Today we went for our third Gingerbread meet up, there were a few single mums and their little ones. I really enjoy the Gingerbread meetings, I love my group of Mum friends from my antenatal group but they are all happily married to dedicated fathers and although they offer sympathy / anger as appropriate it can get a bit depressing when you know they are going home to their happy marriages.
Whereas my Gingerbread friends have had some real ‘experiences’ with their Baby Daddys. Drug users, death threats, infidelity, withholding maintenance. Honestly, if I didn’t have a great Dad and friends with lovely partners I would have given up on men entirely.
Having a partner walk out on you with a baby feels like something that will never happen to you, it’s like something that happens after an accidental teen pregnancy or to the aggressive people on Jeremy Kyle shouting about ‘textes’ (why can’t they pronounce texts properly? so strange). However there is a big mix of women at different stages. The main thing is that everyone is so welcoming and more importantly they understand what you are going through, some of us obviously have had shittier times than others as there are no fairy tales in relationship breakdowns but it stops you feeling so alone and hard done by.
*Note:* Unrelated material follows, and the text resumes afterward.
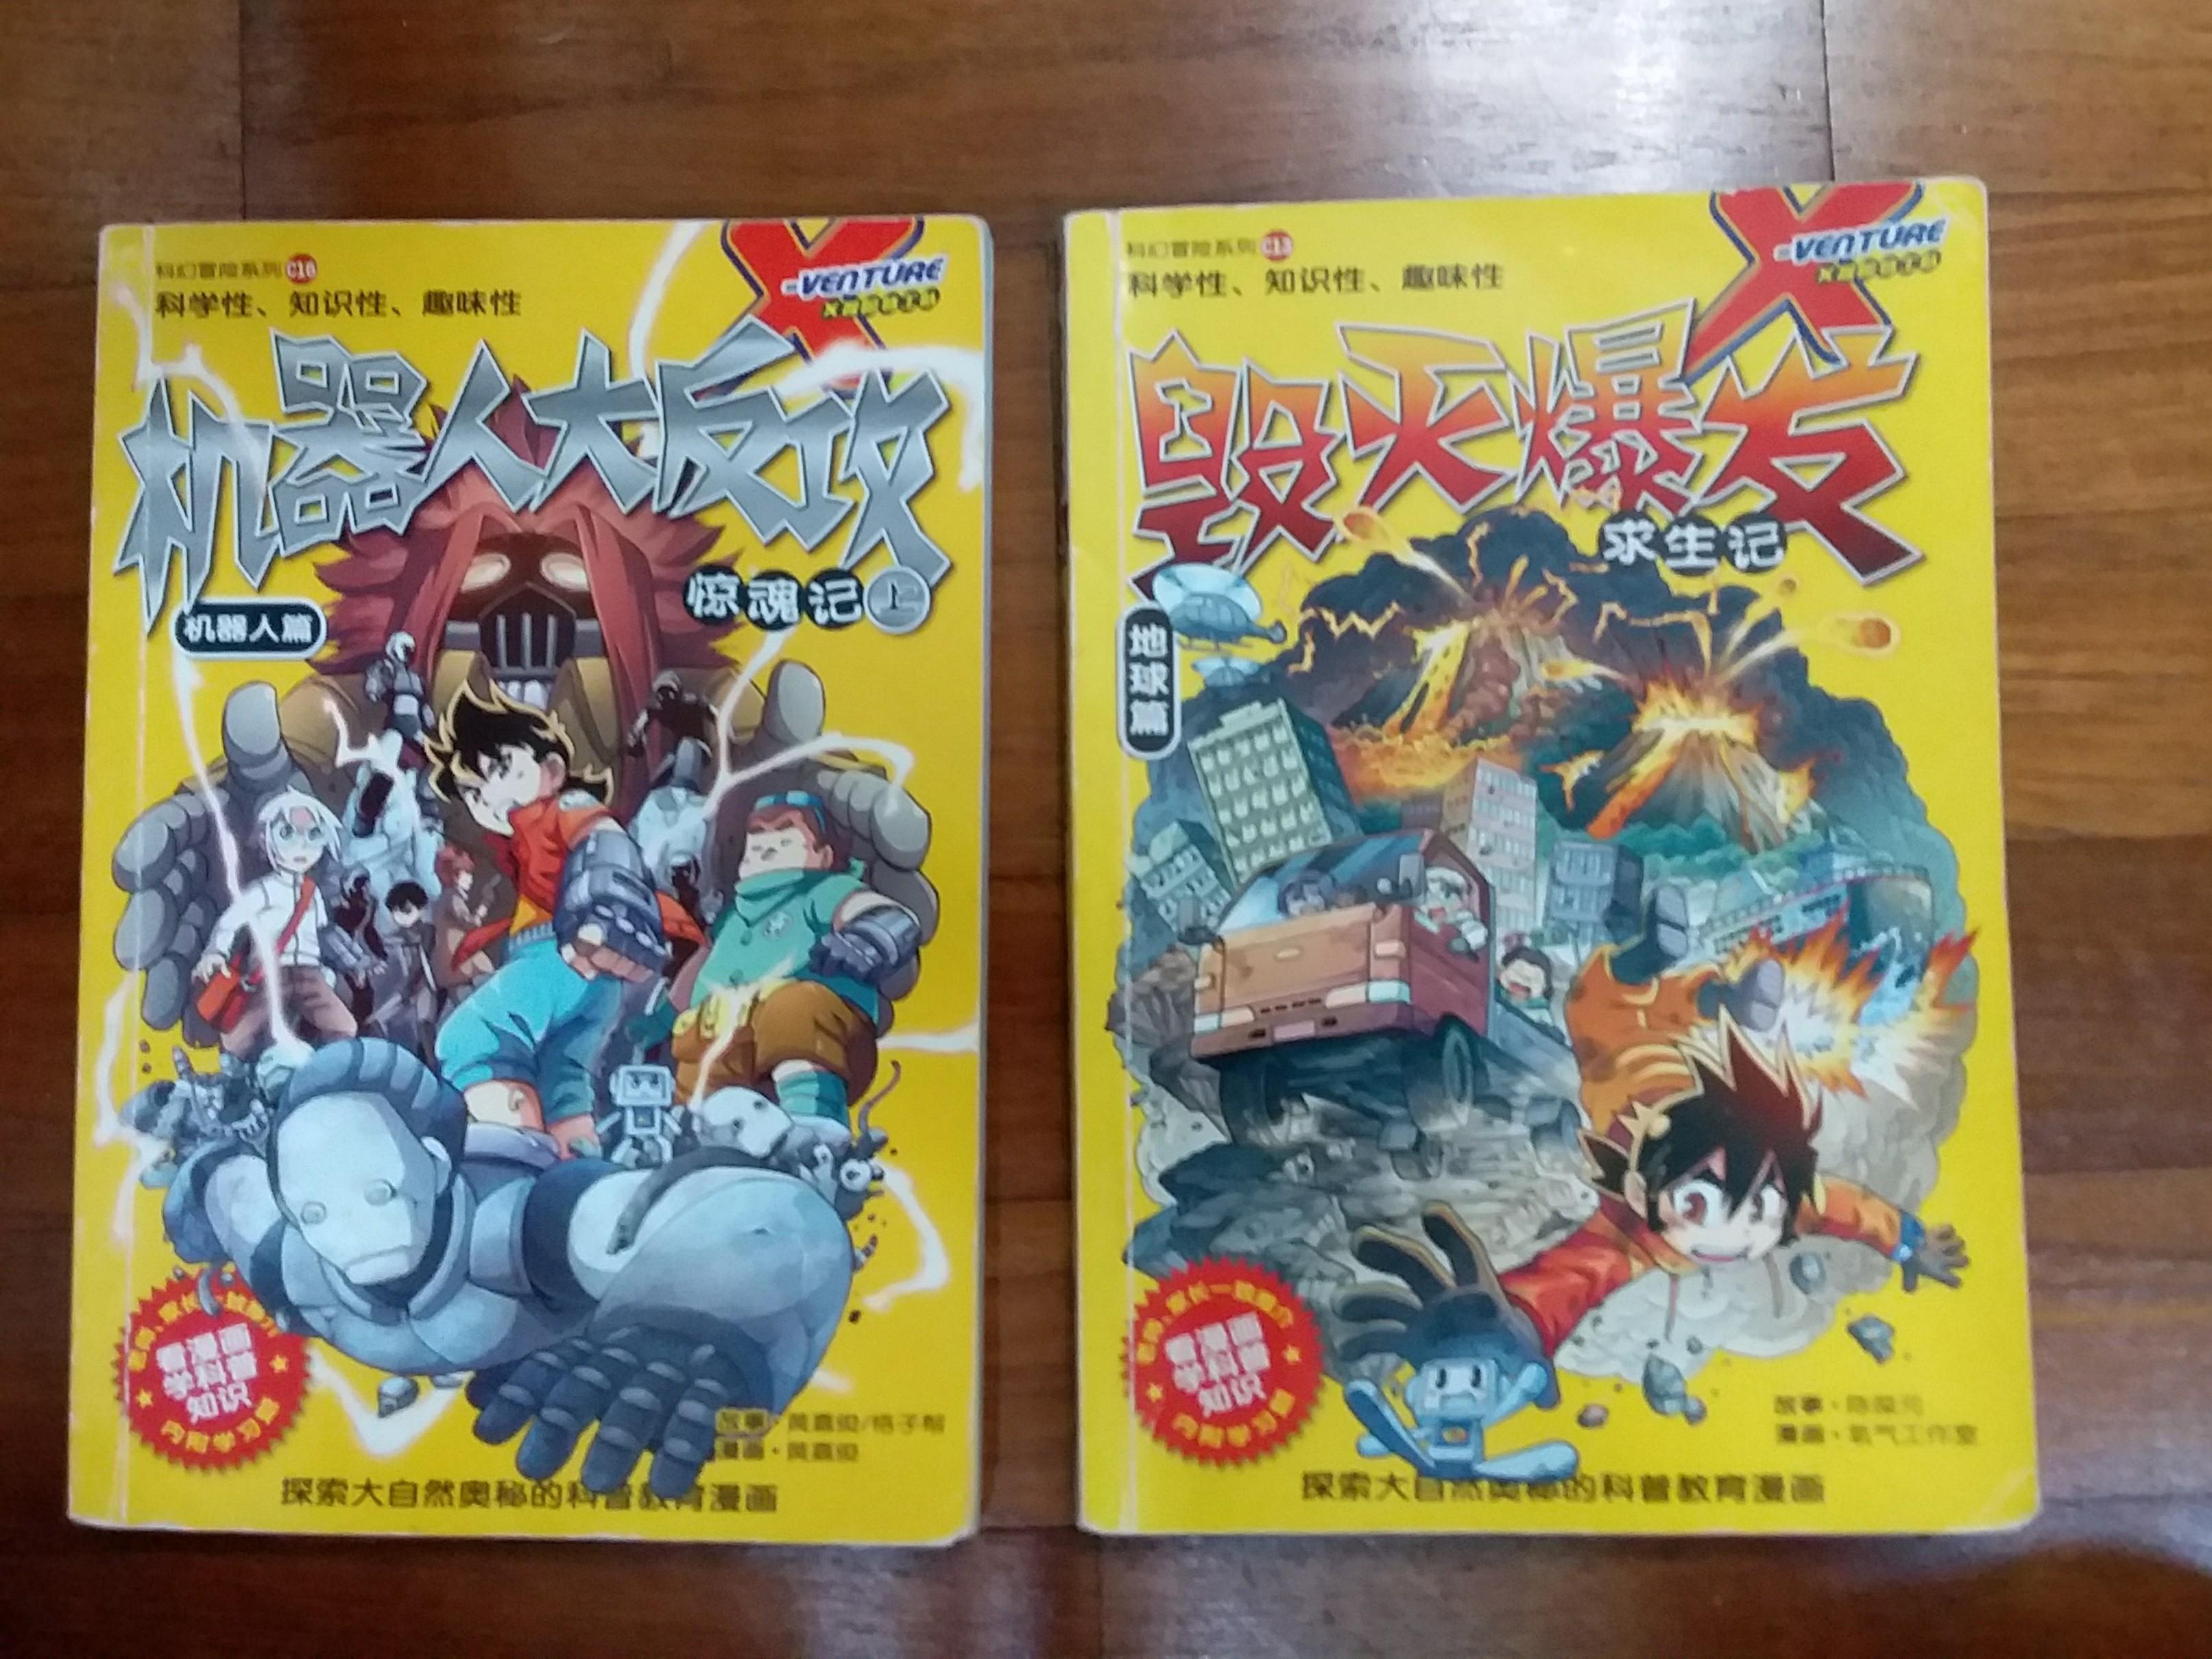 X- VENTURE Comic books

I can be a ridiculous pessimist, when my husband announced he was leaving one of my concerns was that I would be single forever as I couldn’t understand who would want to date a single mum. Seeing women who are on the other side of divorce shows that there is a chance of dating and finding love again (one even found a partner at baby class four months after she gave birth!). Another told me about her new boyfriend and the hot tree surgeon who was her fuck buddy before that, I left feeling that there is hope and although it may be more logistically difficult to arrange a shag when you are a single mum IT CAN HAPPEN and until then there is a massive teapot and crap loads of cake in a little church hall with some wonderful women. Thank the lord.